The European Cup is a former athletics competition for European teams that was replaced by the European Team Championships starting in 2009. The European Cup saw most of the major nations of Europe compete. Originally known as the Bruno Zauli Cup, it first took place in 1965 in Stuttgart (men) and Kassel (women), Germany. Initially, the competition was a bi-annual event (tri-annual once); however, from 1993, it took place once every year.

History
The main idea of the cup, developed by Bruno Zauli, president of the European Committee of the International Association of Athletics Federations, was to create a competition for all European athletics federations, in which they would face each other in track and field events. Although Zauli died a few months before the launch of the first event, the competition has gone from strength to strength.

The competition always had different leagues through which countries had to progress. For the first twenty years, there were different groups (leagues) that took place at different times. Smaller nations, like Luxembourg and Switzerland, would compete in preliminary rounds, before larger countries, such as the United Kingdom and France, would join in the semi-finals. The top two countries from three semi-finals would enter into the final.

This formula was fairly successful; however, by 1983 the number of competitions that athletes were expected to compete in made it extremely difficult for countries to send their best team to each event. The format of the cup had to be changed so that each country in the whole cup competed on the same day.
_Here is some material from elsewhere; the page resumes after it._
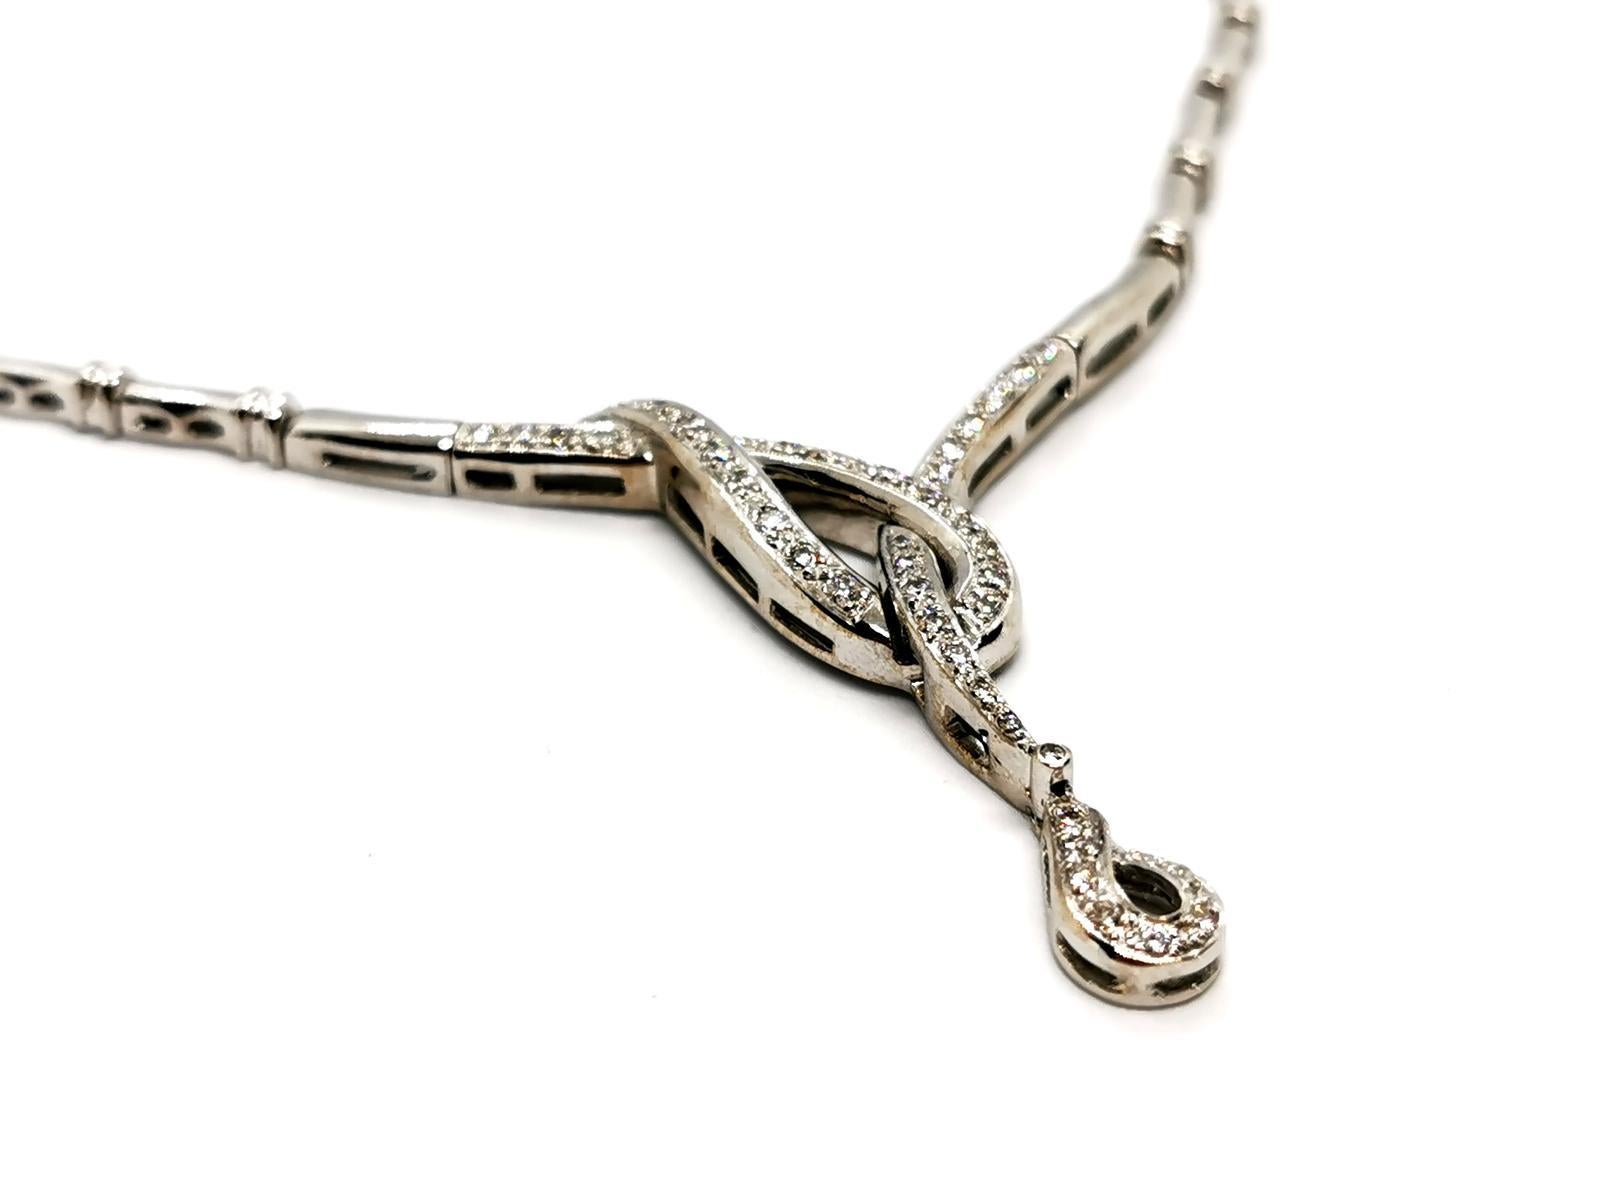 Brilliant Cut Chain Necklace White Gold Diamond For Sale

The top league was named the Super League and contained eight male and eight female teams. The male and female teams were separate teams, which meant that the female team of one country could get relegated while their male counterpart would stay in the Super League as long as they had enough points. Below the Super League were the First and Second Leagues, which contained other European countries that did not qualify for the finals.

European Team Championships

In 2009, the competition took a new format, European Team Championships. There are now four leagues, which consist of 20 events for men and 20 for women. The Super League and the First League have 12 teams each, while the Second League and the Third League 8 and 14 respectively. Team scores are calculated by combination of men and women's points.
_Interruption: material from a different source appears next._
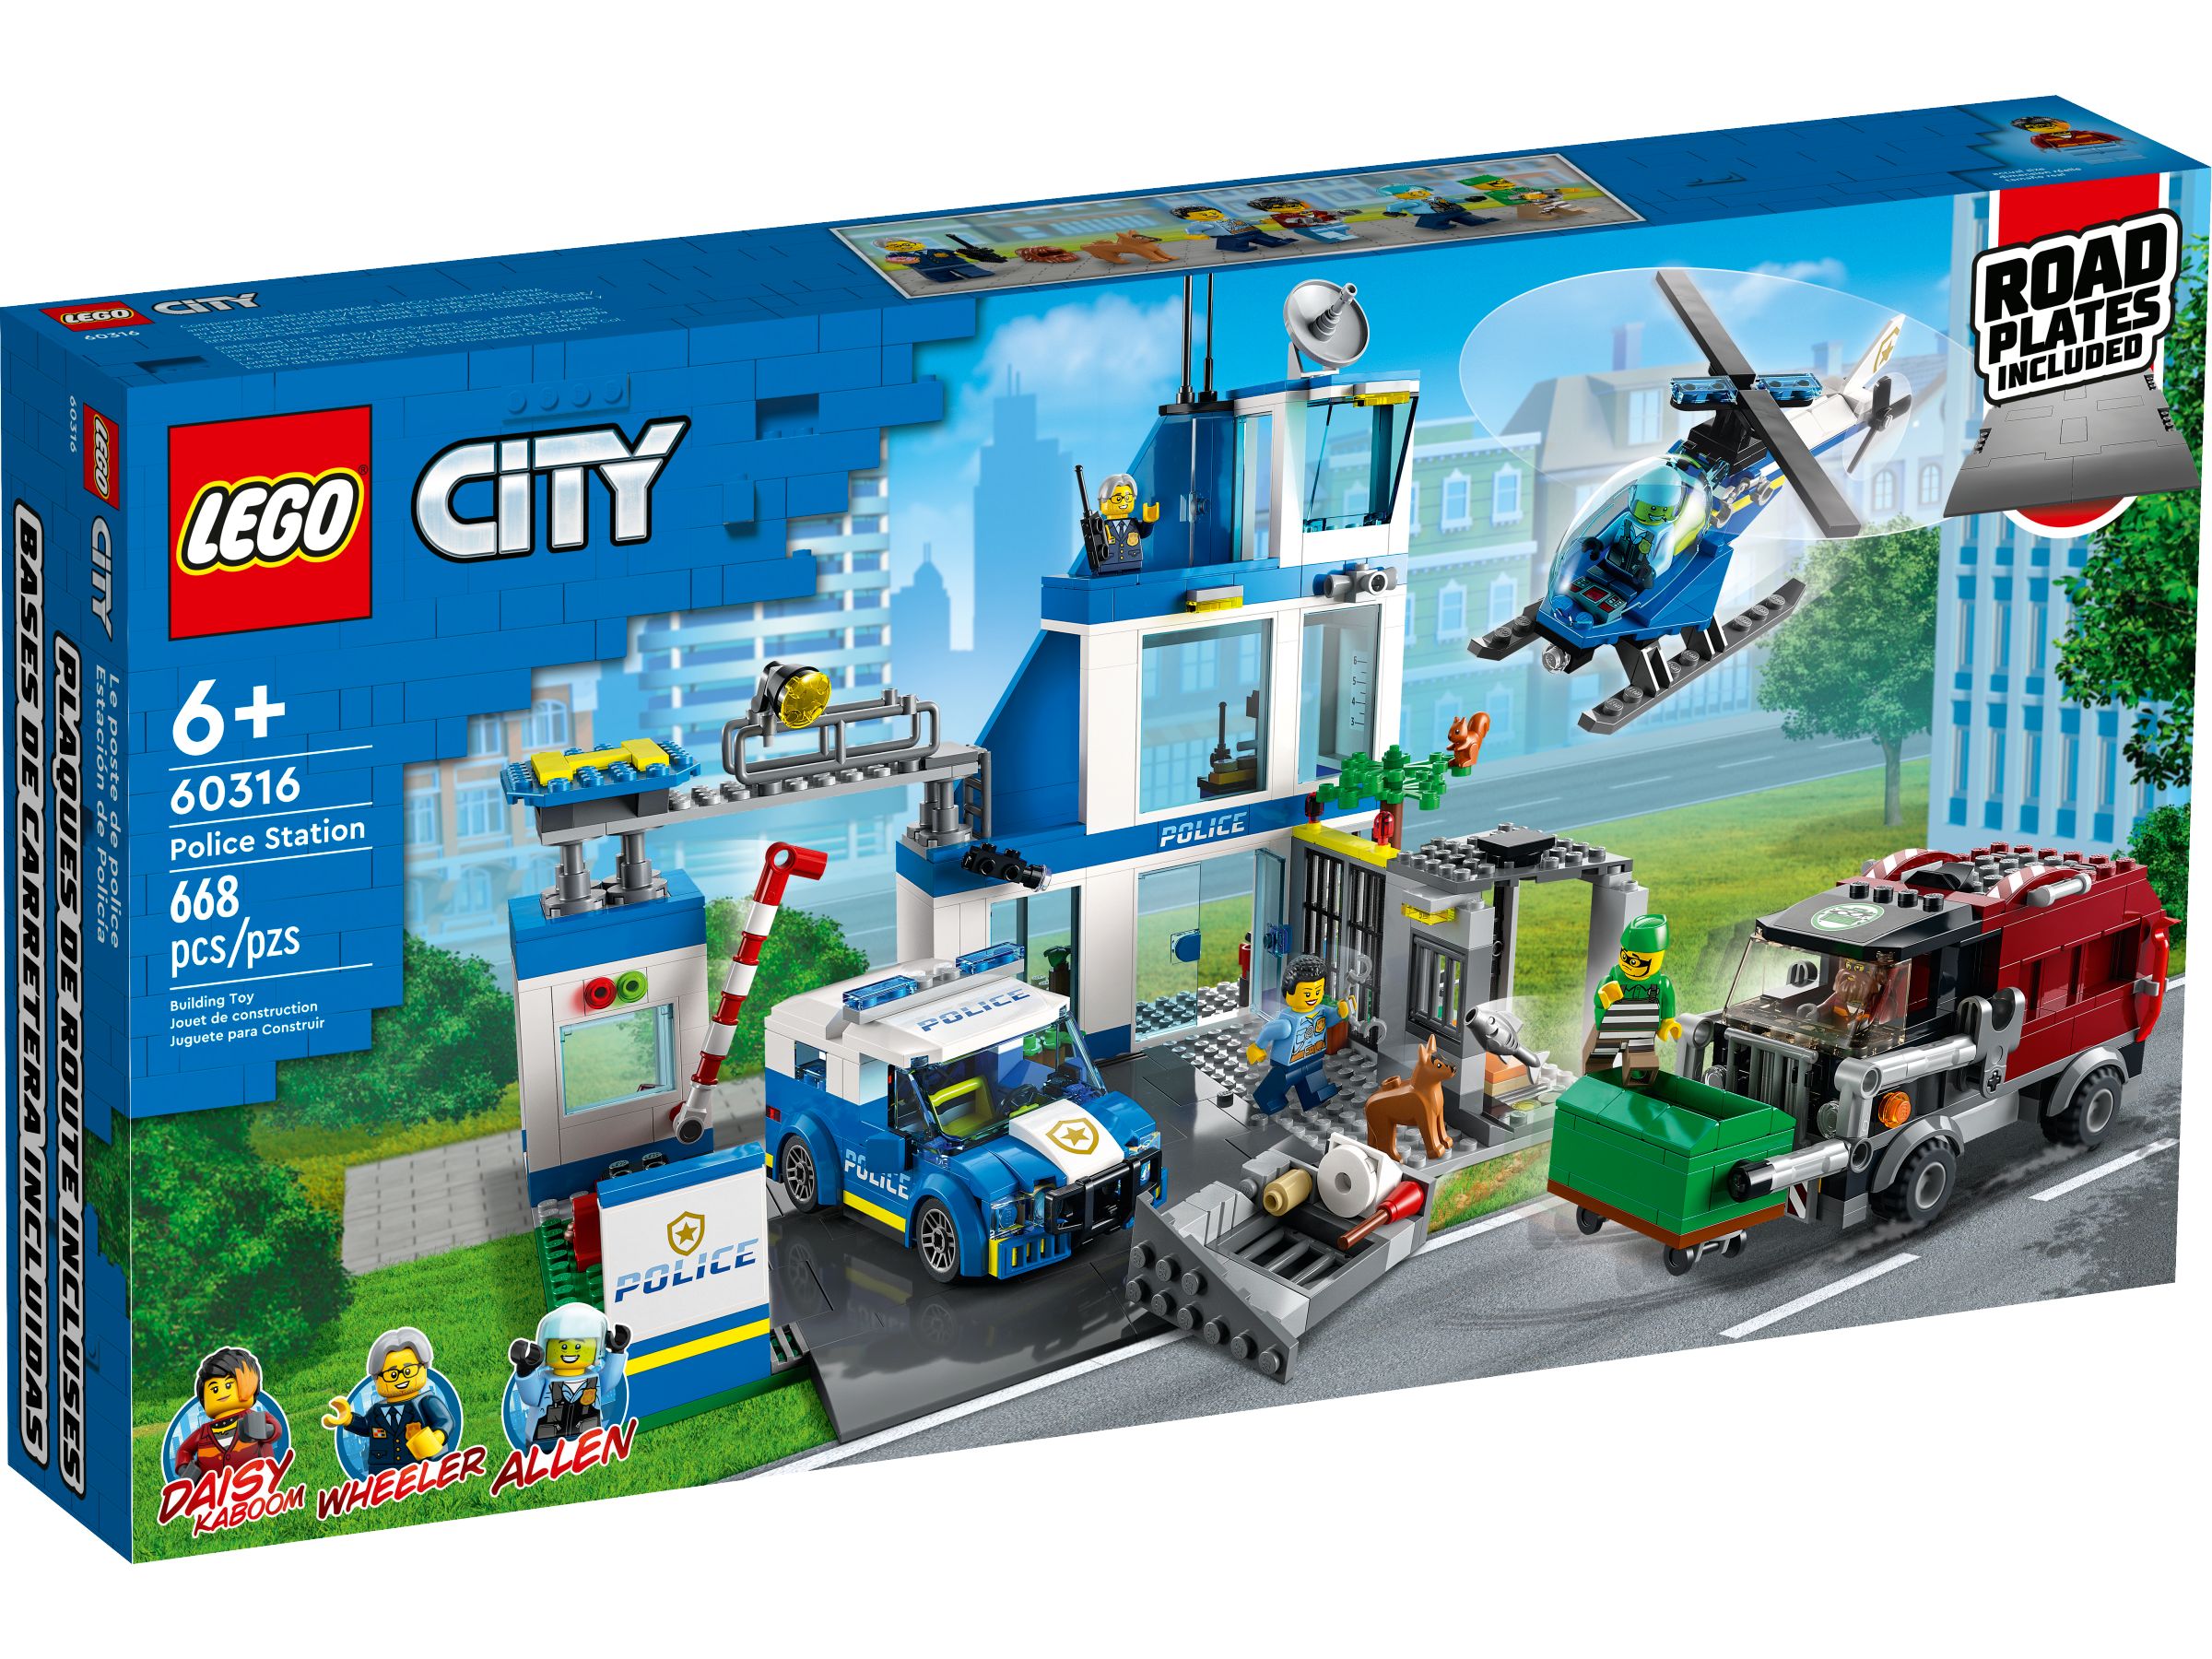 LEGO City 60316 Polizeistation LEGO_60316_alt1.jpg

Scoring system and relegation
Countries scored points for their performance in each race/event:
The winning athlete received 8 points for their country, and this then carried on so second would get 7 points, third 6 points, etc.  In the case of an athlete that did not finish a race, was disqualified or did not record a mark (as the case may be), their country would receive zero points for that event.

The male and female team with the most points was declared the winner. The four winning teams from the 'Super League' (two male and two female) went on to compete as individual countries in the IAAF World Cup in Athletics.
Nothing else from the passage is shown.